Gweilo would normally have objected, but it had been one of those sorts of days, so some muttered expletives under his breath had to suffice as they trudged through bamboo remnants towards the cowering creature. After some struggling and not inconsiderable wounding to his face and torso, Gweilo had the panda pinned down, ready for Xiao-sǐ to get to business. ‘What are you waiting for?’

‘It is not right,’ he sighed. ‘I want this to be perfect.’

‘What is the fucking problem, you mad fuck?’

‘I want Sandy.’

‘Who’s Sandy?’

‘My panda. Plush. Since I was a child, she had slept with me every night. I lost my virginity to Sandy. This is not the same.’

‘No kidding.’ The American was finding it a struggle to subdue the powerful creature, so he tried a new approach. ‘This is better! Sandy could never respond to you, could she? She never moaned or struggled.’

‘She did not,’ Xiao-sǐ confirmed.

‘This is the real deal, man! This is the real Sandy.’

‘Sandy has a skirt.’

Wang! Get a skirt over here!’

‘And lipstick. And she has big eyelashes.’

‘Sure, why the hell not? Wang, bring your cosmetic kit.’

It took less time than anyone expected to kit out the panda in a Cosplay outfit, and finally Xiao-sǐ was ready for his perfect moment. Agent Gweilo held the struggling, humiliated bear down as it received the young Taiwanese man’s affections. Gweilo was a proud, meat-eating American who’d never had time for that faggoty Greenpeace shit, but this all had the tangible atmosphere of crossing a line about it. When God chooses his prophets, he sure works in mysterious ways, Gweilo considered, changing his avenue of thought frequently to prevent himself dwelling too long on what was taking place beneath and behind him.

‘Oh 是! Oh, Sandy! 是!’

‘What do you see?’

‘I can see the news report. It is showing the destruction of Taipei and other Taiwan cities, all around the coast. I see a bomb fragment at my feet. It says MADE IN CHINA. The news report confirms this. It was an attack from China.

‘The news announcer is explaining the reason China attacked. China received video footage over the internet of an atrocity being carried out. Gifts from China to Taiwan, symbolising the cooperation between the two nations, subjected to debasement.

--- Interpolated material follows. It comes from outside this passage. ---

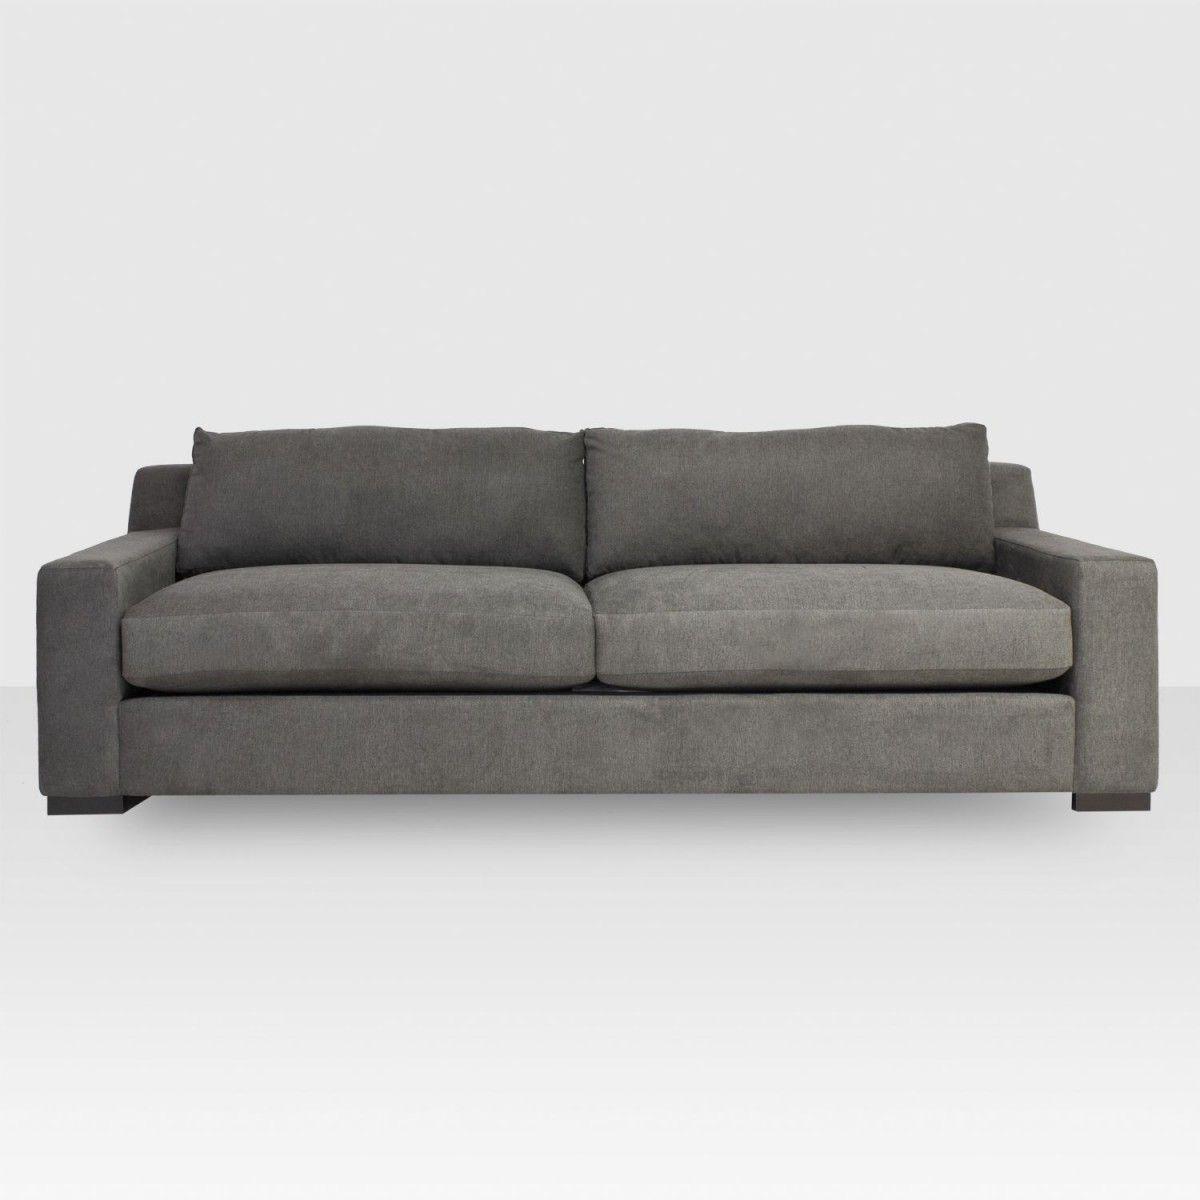 Jordan Xl Sofa Elte Market Sofa Furniture Clearance Furniture Sale

‘They are showing us the footage. A foreigner is holding a panda down, a Taiwanese man is entering it from behind. There is tasteful blurring over the area of contact. The Taiwanese man is throwing up his arms and celebrating. He is then motionless, speaking inaudible words to the foreigner, who listens attentively. The Taiwanese man regains his faculties and looks directly into the camera...’

Wu Xiao-sǐ snapped his head to the left and saw the men filming the encounter, who promptly ran through the supposedly vacant zoo. ‘Stop him!’ Xiao-sǐ commanded. ‘Or everything is lost!’

Gweilo released his grip and joined the throng of police officers chasing the men down in futile pursuit. The file upload was already in progress, it was only a matter of seconds until the email would be sent and all hope lost. No longer pinned down, Sandy lunged backwards and threw her aggressor to the floor. She stood tall, menacing and beautiful in her stretched and torn skirt, her unevenly painted lips forming into a deafening roar, her plastic eyelashes batting seductively as she threw herself at the grinning boy for one final, fatal hug. Wu Xiao-sǐ experienced the ultimate climax.

Dave Warburton
Davao, Philippines
July 2012

Influences: Just life in general. The Boston Marathon bombing; Tuan Tuan and Yuan Yuan, the pandas controversially gifted to Taipei Zoo by China; a bit of amateur Chinese wordplay.